Calculate the expected value, the variance, and the standard deviation of the given random variable \(X .\) You calculated the expected values in the last exercise set. Round all answers to two decimal places.) \(X\) is the number selected at random from the set \(\\{1,2,3,4\\}\).

Short Answer

Expert verified
The expected value of the given random variable \(X\) is \(E(X) = 2.50\), the variance is \(Var(X) = 1.25\), and the standard deviation is \(\sigma(X) \approx 1.12\).

Step by step solution

01

Calculate the expected value

To find the expected value, use the formula \(E(X) = \sum_{k=1}^4 k \cdot P(X=k)\).
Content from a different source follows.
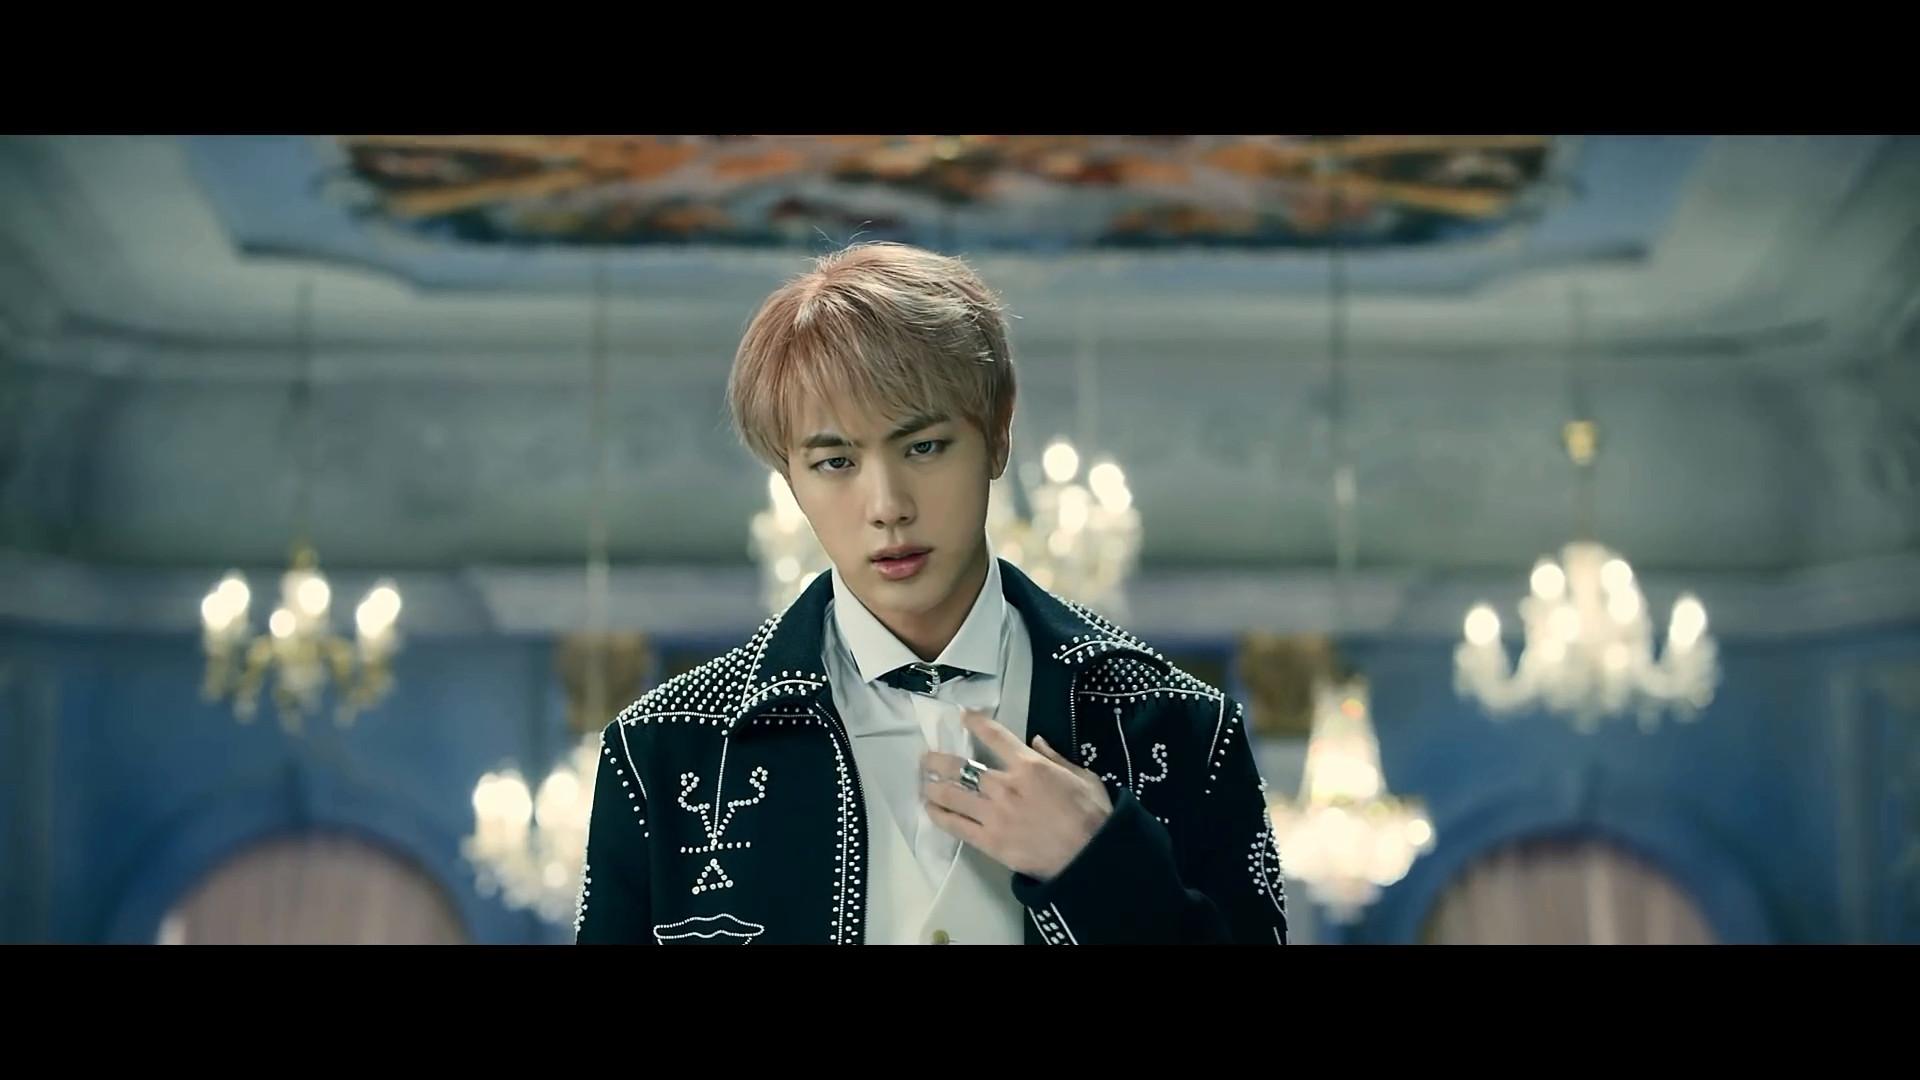 Korea Korean Kpop Idol Boy Band Group BTS Blood Sweat

With given PMF, \(P(X=k)=\frac{1}{4}\) for all \(k \in \{1, 2, 3, 4\}\): \(E(X) = \sum_{k=1}^4 k\cdot P(X=k) = 1 \cdot \frac{1}{4} + 2 \cdot \frac{1}{4} + 3 \cdot \frac{1}{4} + 4 \cdot \frac{1}{4} = 2.50\)
02

Calculate the variance

Use the variance formula \(Var(X) = E(X^2) - (E(X))^2\). We already found the expected value \(E(X)=2.50\). Now, we need to find \(E(X^2)\): \(E(X^2) = \sum_{k=1}^4 k^2 \cdot P(X=k) = 1^2 \cdot \frac{1}{4} + 2^2 \cdot \frac{1}{4} + 3^2 \cdot \frac{1}{4} + 4^2 \cdot \frac{1}{4} = 7.50\) Now, apply the variance formula: \(Var(X) = E(X^2) - (E(X))^2 = 7.50 - (2.50)^2 = 7.50 - 6.25 = 1.25\)
03

Calculate the standard deviation

Finally, find the standard deviation \(\sigma(X)\) using the square root of the variance: \(\sigma(X) = \sqrt{Var(X)} = \sqrt{1.25} \approx 1.12\) So, the expected value \(E(X) = 2.50\), the variance \(Var(X) = 1.25\), and the standard deviation \(\sigma(X) \approx 1.12\).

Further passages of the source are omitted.